Illustration of an array-based hardware accelerator.

3 Modeling Resource Utilization in Inference Platforms

Prior hardware-aware NAS frameworks optimize DNN architectures solely for inference latency, leading to poor resource utilization. For instance, such hardware-aware NAS frameworks can easily reduce the inference latency by limiting the number of layers in DNN architectures but can not improve hardware utilization unless specific characteristics (e.g., operator types, channel dimensions) of the layers are taken into consideration while performing the architecture search. We adopt a different approach and use both latency and utilization as optimization goals along with task accuracy. Modeling hardware utilization is, however, challenging especially for specialized hardware architectures such as systolic arrays [22], which are widely used in DNN inference platforms (e.g., Google TPU [18] or Tesla FSD chip [1]) due to their unique dataflow patterns. In this section, we first briefly explain these dataflow patterns, and then introduce a novel utilization model for such accelerators.

3.1 Dataflows on Hardware Accelerators

Matrix multiplication operations constitute the vast majority (\(\sim \)98% [1]) of DNN operations; thus, inference platforms adopt array-based architectures [1, 6, 18, 30]. Figure 1 depicts a typical array-based hardware accelerator, which consists of an array of processing elements (PE), on-chip, and off-chip memory. Unlike general-purpose CPU and GPUs, PEs in such architectures can easily share data between each other through an on-chip interconnection, which allows them to perform matrix multiplication with high efficiency and minimum delay.

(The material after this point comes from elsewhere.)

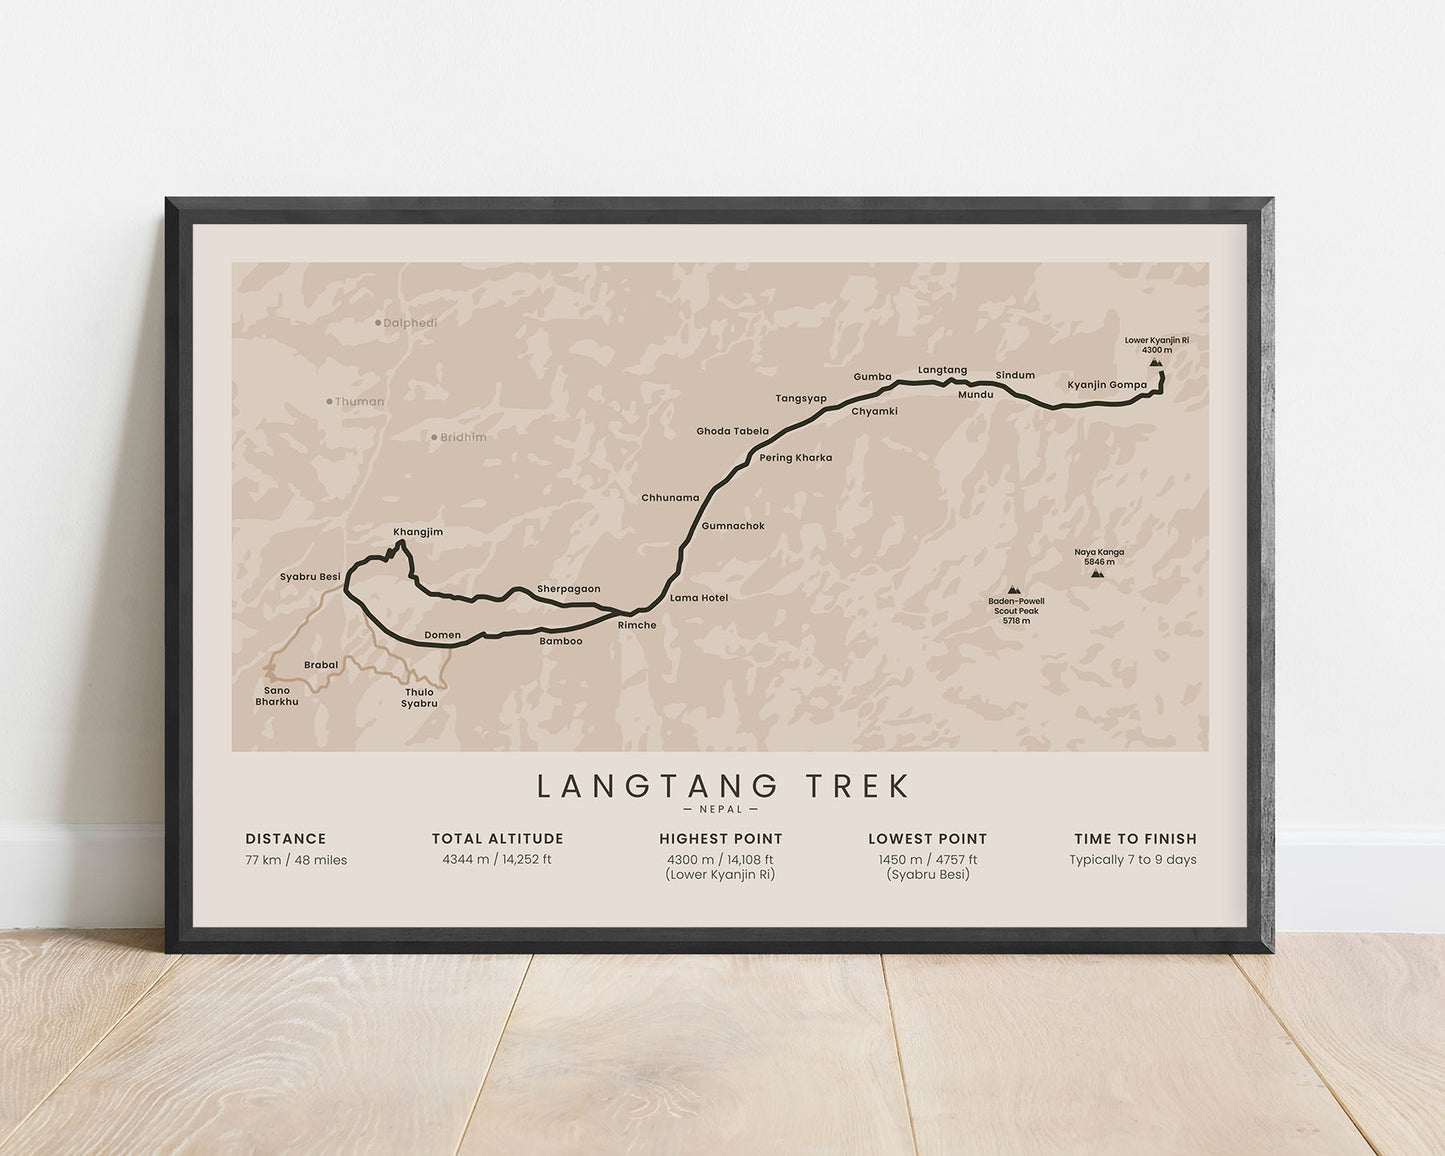 Langtang Trek (Nepal, Himalayas) route wall map with beige background

While there exist various mapping and dataflow schemas to perform a matrix multiplication on an array-based architecture [6], without loss of generality, we assume one of the most commonly used dataflow in this paper, namely weight stationary [18]. In this dataflow, the accelerator first loads model weights and activations from an off-chip memory, and stores them on the on-chip memory. Then, the weight matrix is first spatially mapped onto the two-dimensional array, the activation matrix is streamed along the PE rows, and partial sums are accumulated along the PE columns [18]. The partial sums that are obtained at the last PE row correspond to the results of the matrix multiplication. The final results are either stored in the on-chip memory to be used in next layers, or written back to the off-chip memory.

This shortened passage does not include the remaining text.